## Aim of the exercise
The output should be the listing below, limited to the lines from the one with "Стильные сапоги казаки" through the one with "Γυναικείο παπούτσι tango", exact and without pictures.

## Input records
== Segment start ==

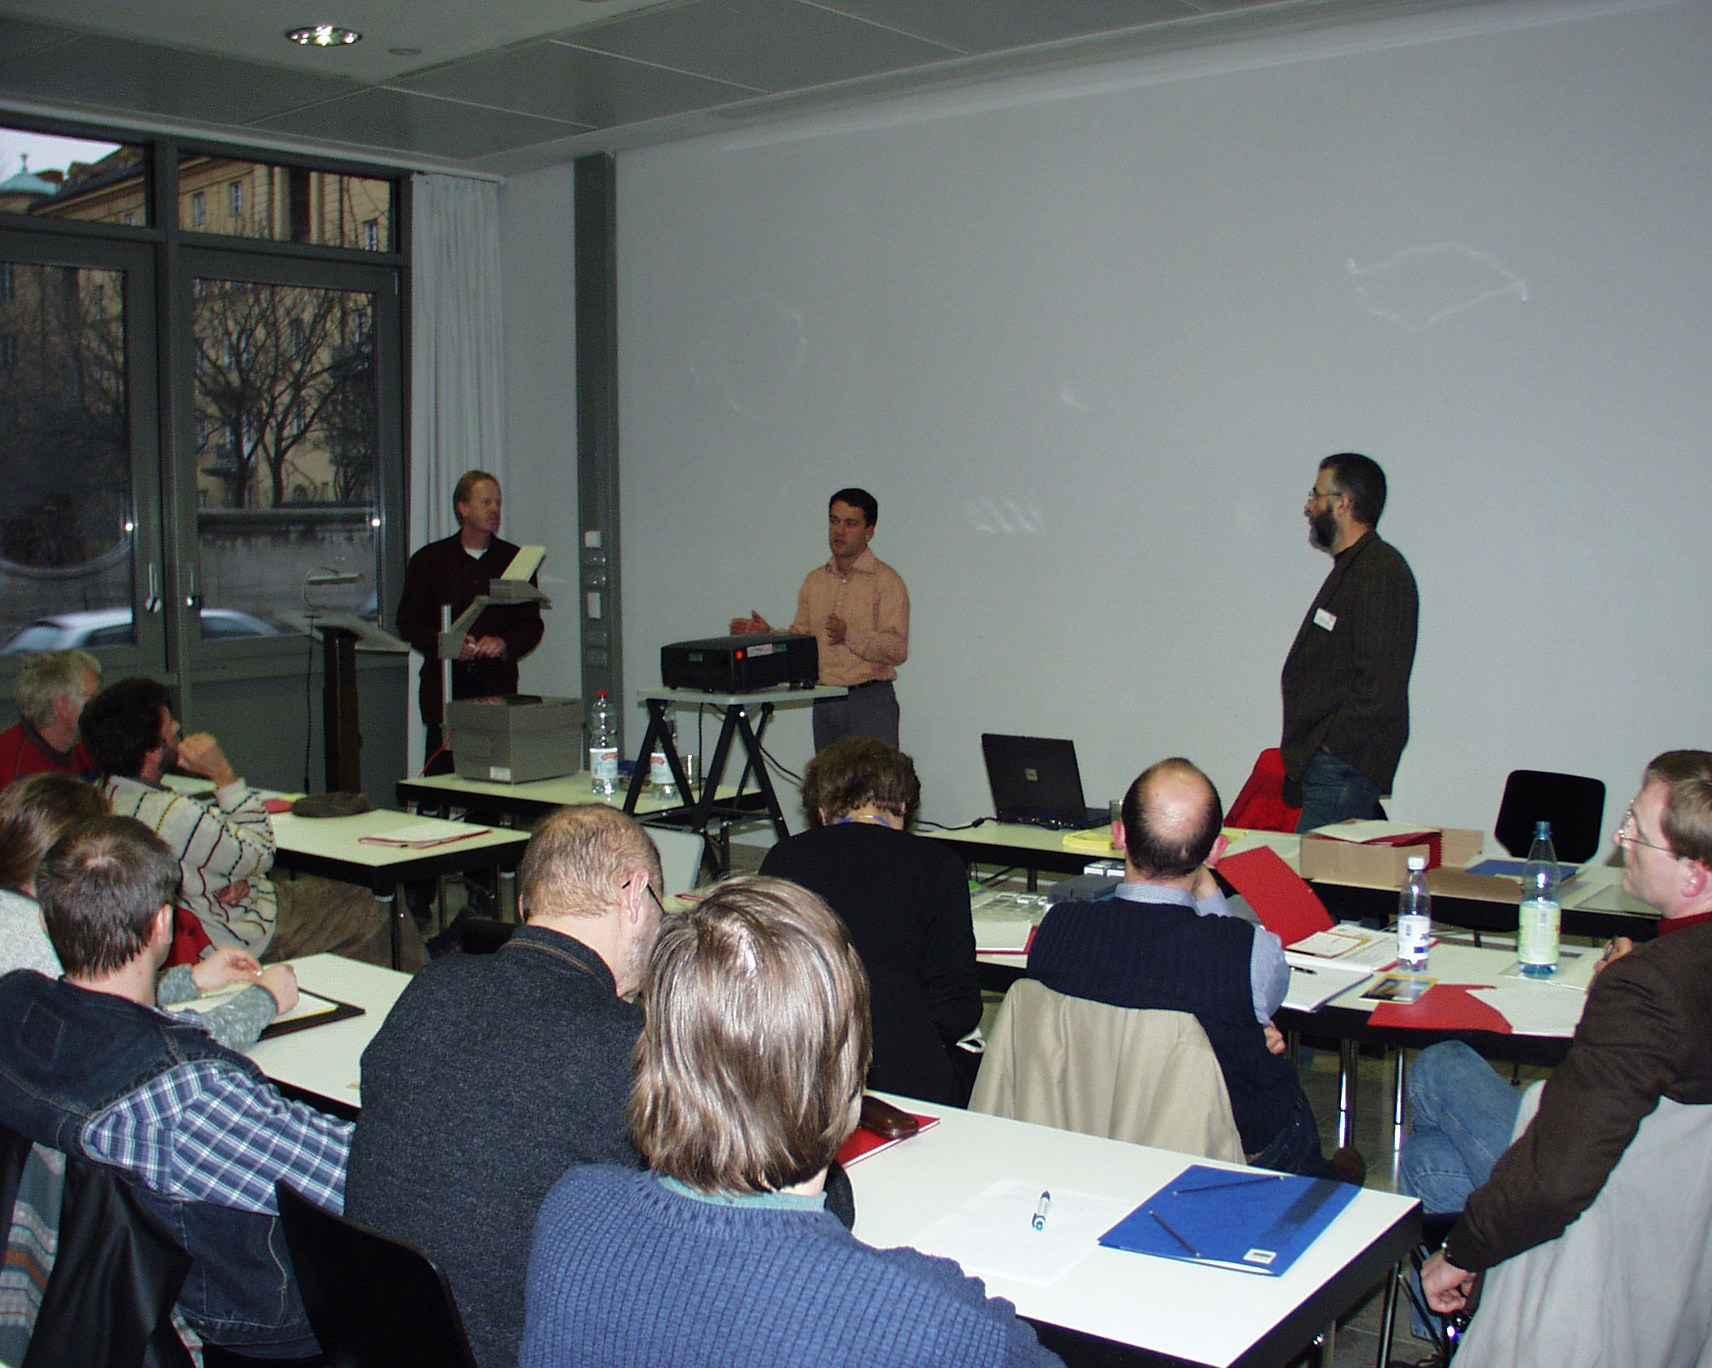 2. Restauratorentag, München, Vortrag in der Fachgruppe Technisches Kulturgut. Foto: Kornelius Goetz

== Segment end ==
== Segment start ==

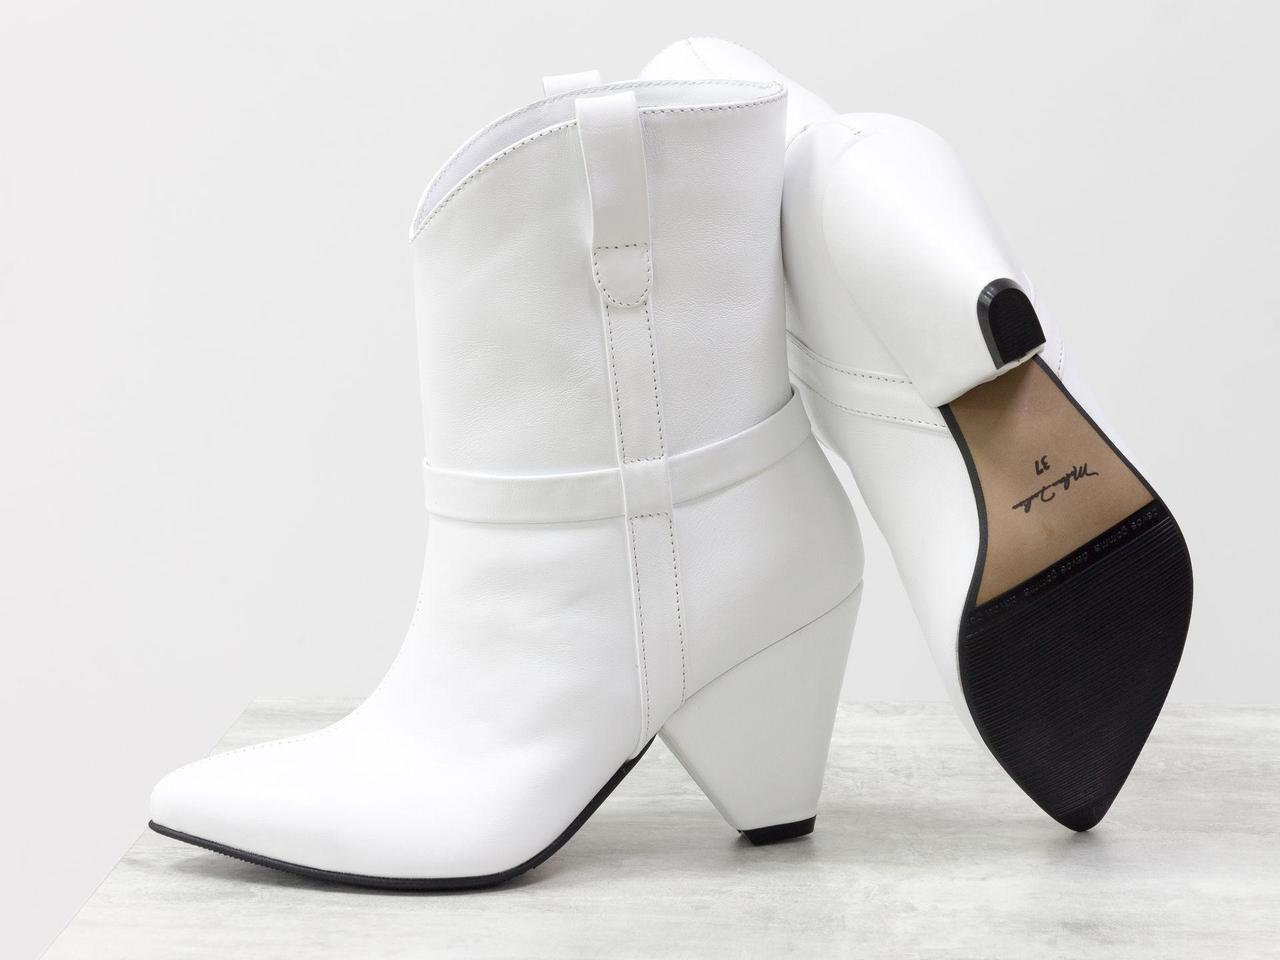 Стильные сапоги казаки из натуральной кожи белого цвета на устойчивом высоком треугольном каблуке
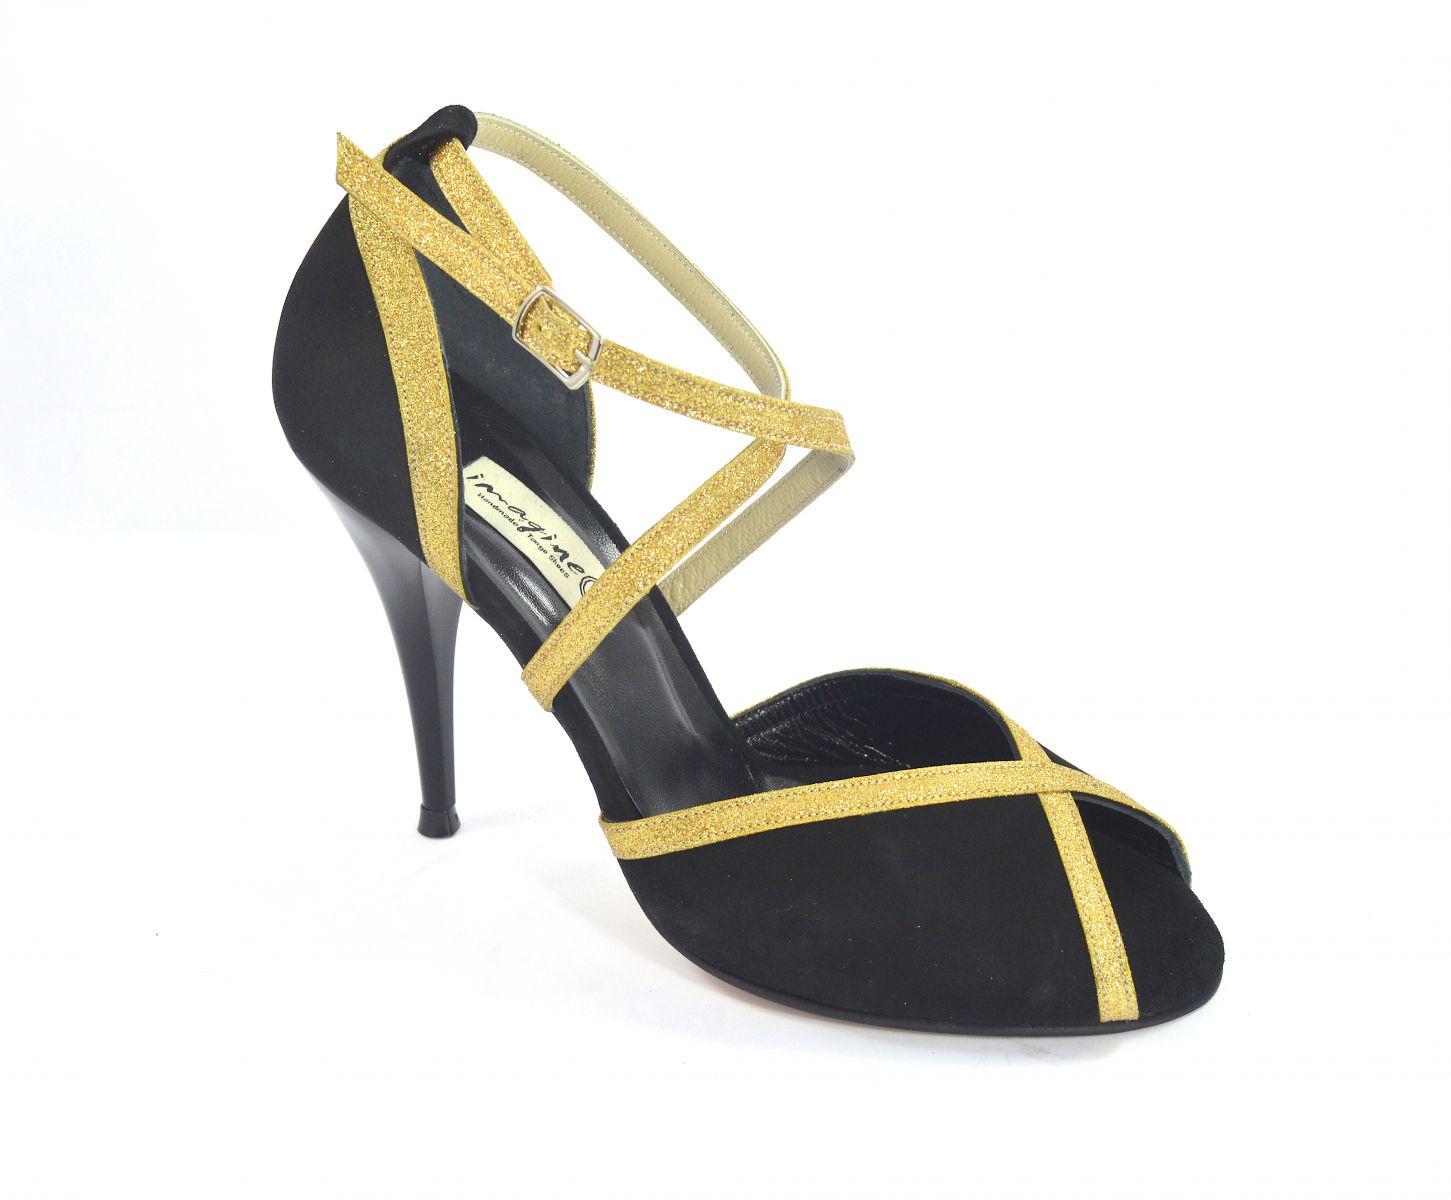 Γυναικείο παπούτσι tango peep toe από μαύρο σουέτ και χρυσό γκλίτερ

== Segment end ==

## Answer section
 Стильные сапоги казаки из натуральной кожи белого цвета на устойчивом высоком треугольном каблуке
 Γυναικείο παπούτσι tango peep toe από μαύρο σουέτ και χρυσό γκλίτερ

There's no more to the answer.